The F-16 was designed as a A2A fighter, and the bells and whistles added for A2G role ate away flight performance required for the A2A role.
But that doesn't take away the fact that even an F-16 Block 60 and the F/A-18E/F, one level more advanced than even the F-16 Block52 that is the IAF's primary threat, doesn't meet the IAF's specs for performance. But had there not been a Rafale/Typhoon on offer, the IAF would've jumped at the offer of inducting them.
It is mature and hasn't proven to be troublesome.
Then why can’t the FCS correct the uncommanded pitch created by the original airbrakes.
Because it requires work to be done on that. Why don't you go and read on the Typhoon's transonic pitch up issue and how it was resolved. It was no easy task. Your implication that had we gone for a mature Mirage-2000 derived FBW on the Tejas, this wouldn't have happened is simply not true. This issue would've had to be tackled by whichever FBW technology was used, be it quadruplex redundant or triplex redundant with analog backup as on the Mirage-2000.
but that isn't the reason that the IAF is keeping Tejas Mk1 orders to 40
Agreed, from what I have been told, the IAF considers the pitch effect a nuisance but definitely not a showstopper. It has no effect on the induction plans.
Told by whom? Are you in the know of the IAF's issues with the Tejas? Maybe you could tell us what else is keeping the IAF from ordering more Tejas' to replace the huge numbers of MiG-21s.
As for this issue, yes its not a show stopper, since as long as the pilot can bring the aircraft back to its original state, after any uncommanded motion, the issue is not going to be a show stopper. As put in the US Military Standard for piloted airplanes,
MIL-STD-1797A4 states: “The aircraft shall be…resistant to departure from controlled flight, post-stall gyrations and spins. Adequate warning of approach to departure shall be provided. The aircraft shall exhibit no uncommanded motion which cannot be arrested promptly by simple application of pilot control.”
In every other aspect, the Tejas' flying qualities are very highly rated by the IAF's test pilots who've flown it. When an IAF TP calls it as "comparable to amongst the best in the world in so far as flight controls in concerned"

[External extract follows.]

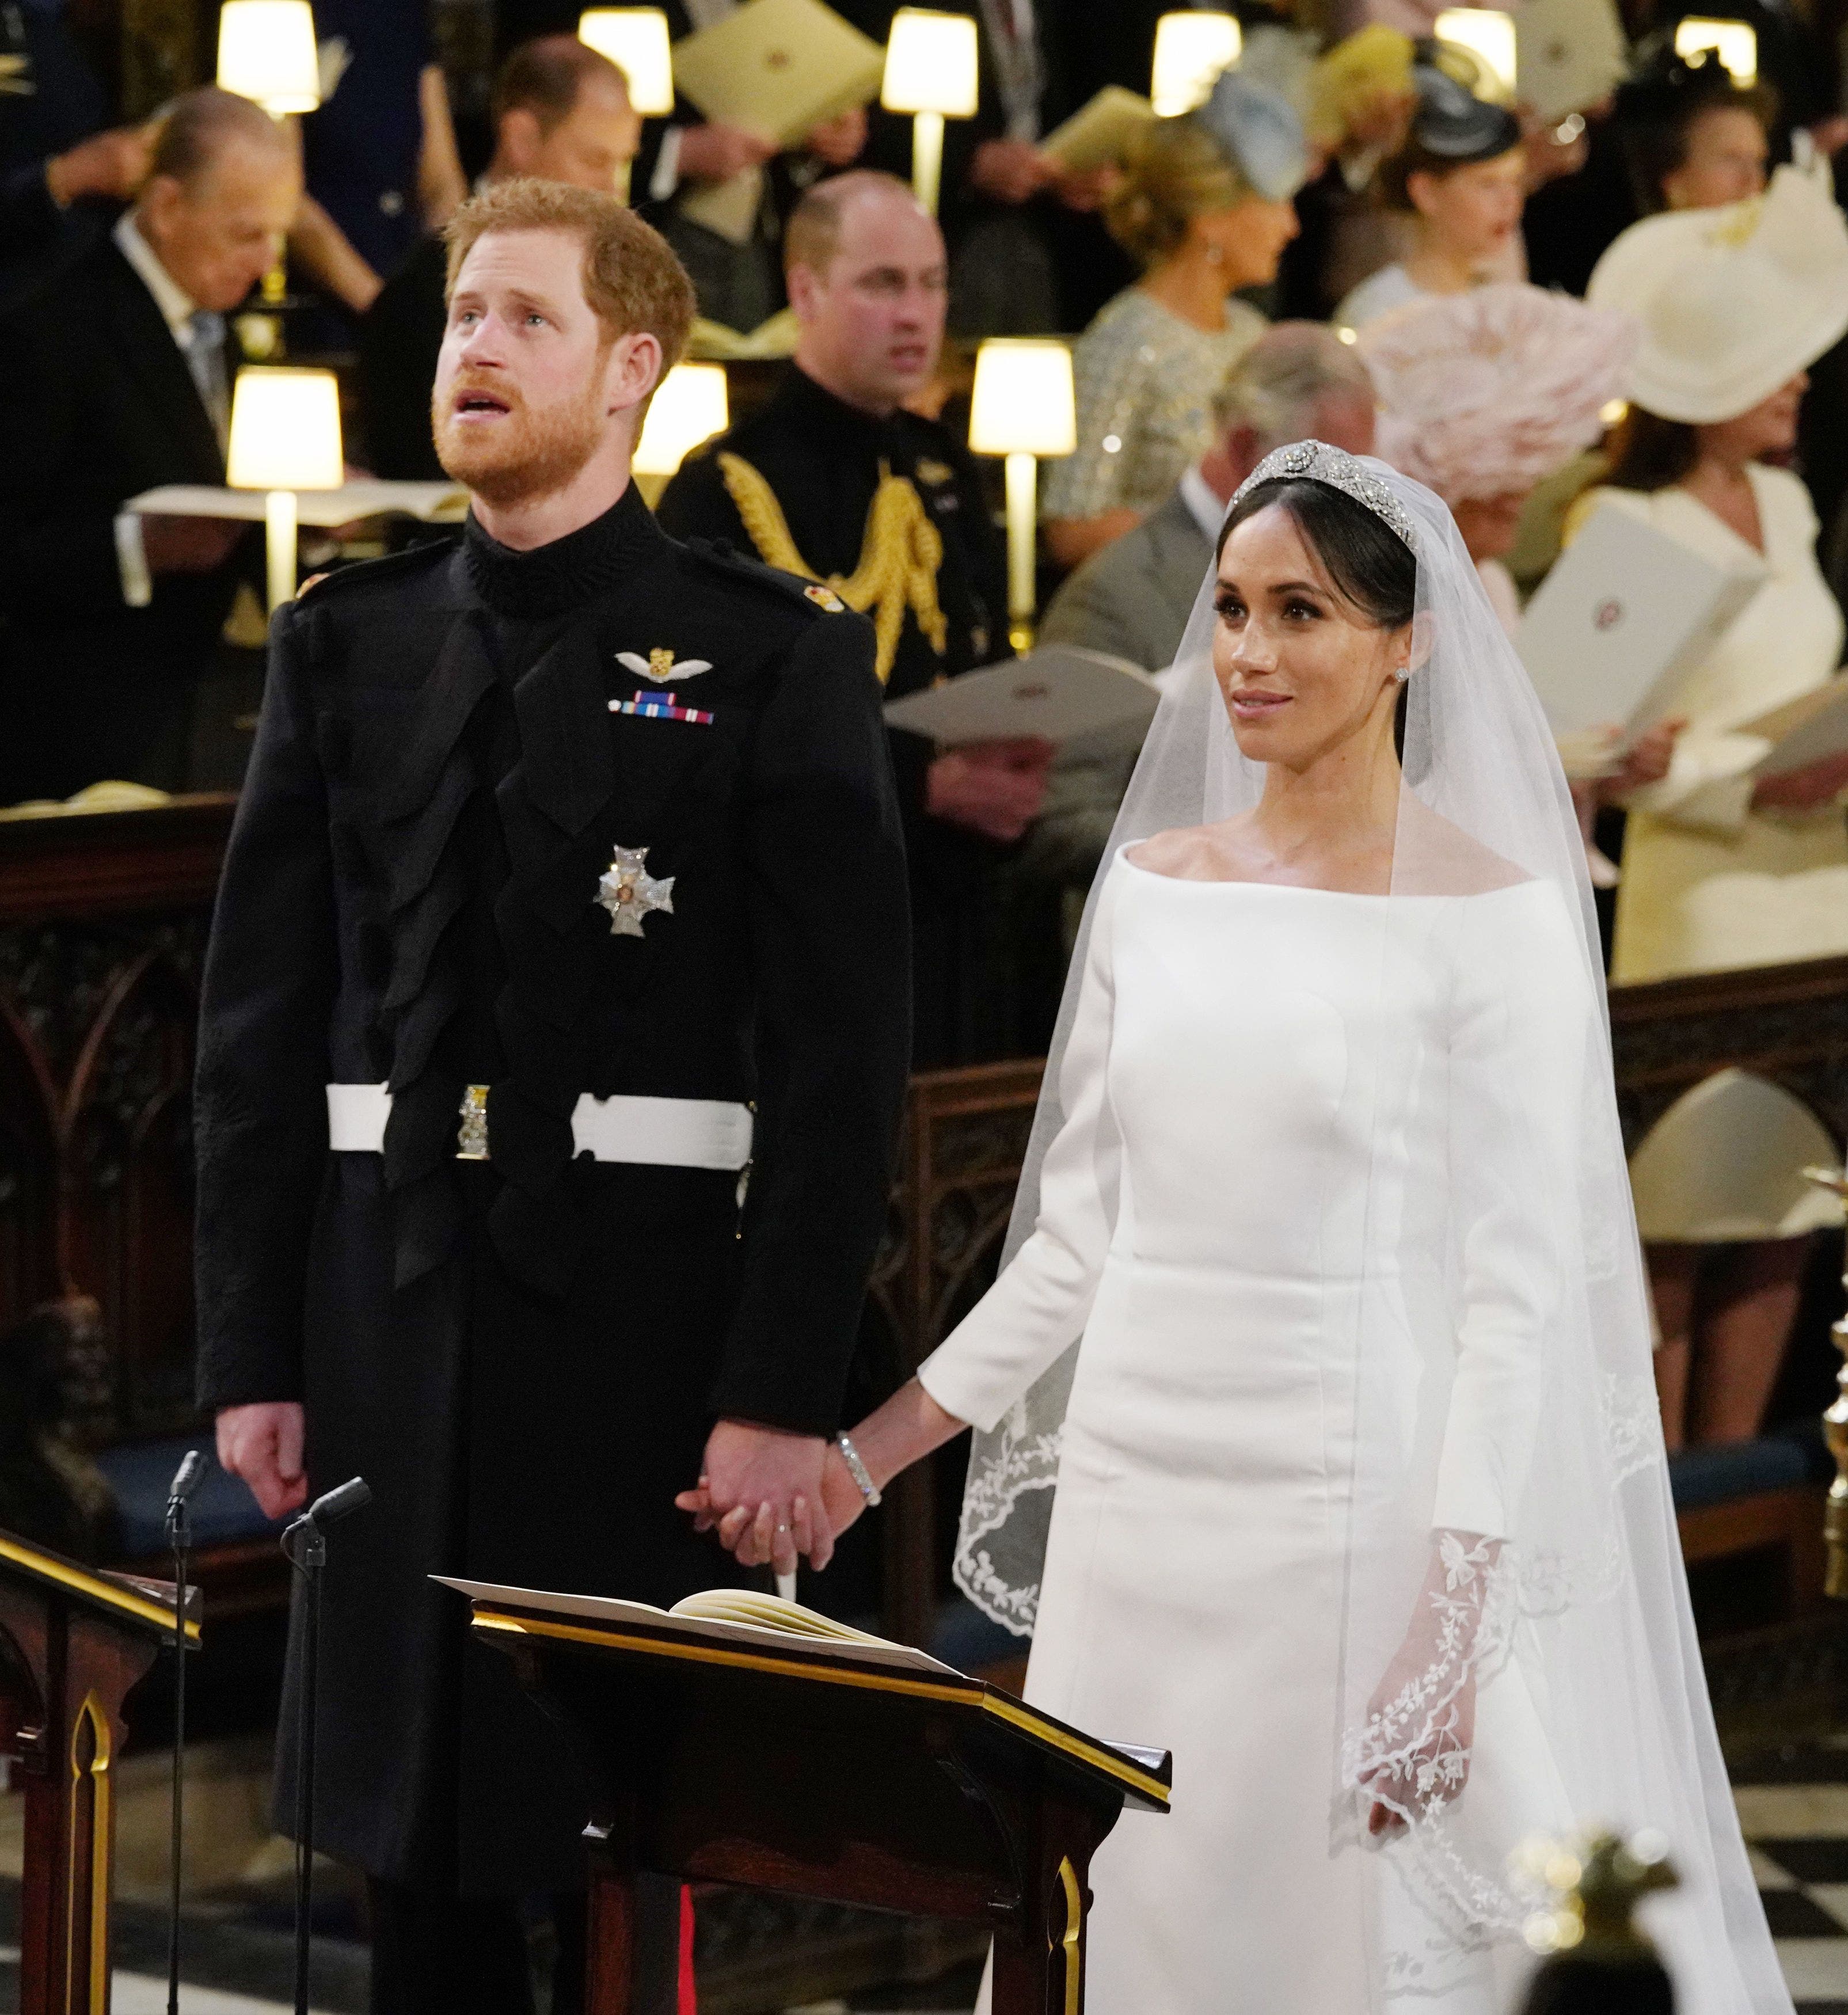 El prÃ­ncipe Harry, Duque de Sussex (L) y la prometida estadounidense del prÃ­ncipe heredero Harry Meghan Markle se reÃºnen en el Altar Mayor durante su ceremonia de boda en la Capilla de San Jorge, en el Castillo de Windsor, en Windsor, el 19 de mayo de 2018. / AFP

, then that does speak volumes for the FBW and the general design of the aircraft. As another TP, Grp Cpt George Thomas said about it
"Its handling qualities are such that the pilot workload is low and the pilot can focus on sensors, weapons and combat and as regards basic flying, the aircraft can almost fly itself".
After all, most of these TP guys will be well versed with the Cooper-Harper handling qualities scale
on which "excellent" rating 1 means that the handling characteristics are highly desirable and pilot compensation is not a factor for desired performance and "good" rating means that there are negligible deficiencies in the handling characteristics and pilot compensation is not a factor for desired performance.
What does the second statement even mean? What is a simpler design process?
Thank you for asking this question. It means assessing all the available means to achieve an end, and choosing the simplest and least riskiest means of achieving that end.
Like having airbrakes closer to CoG than having it elsewhere and having FCS mitigate any side effects. FWIW, using MLG door is reverting back to simpler design philosophy. Now, I am sure that the designers would have had some valid reason for not doing so in the first time itself, like avionics in the dorsal or fuel tanks in the ventral or wings, however, a simpler approach would have given precedence to placement of airbrakes.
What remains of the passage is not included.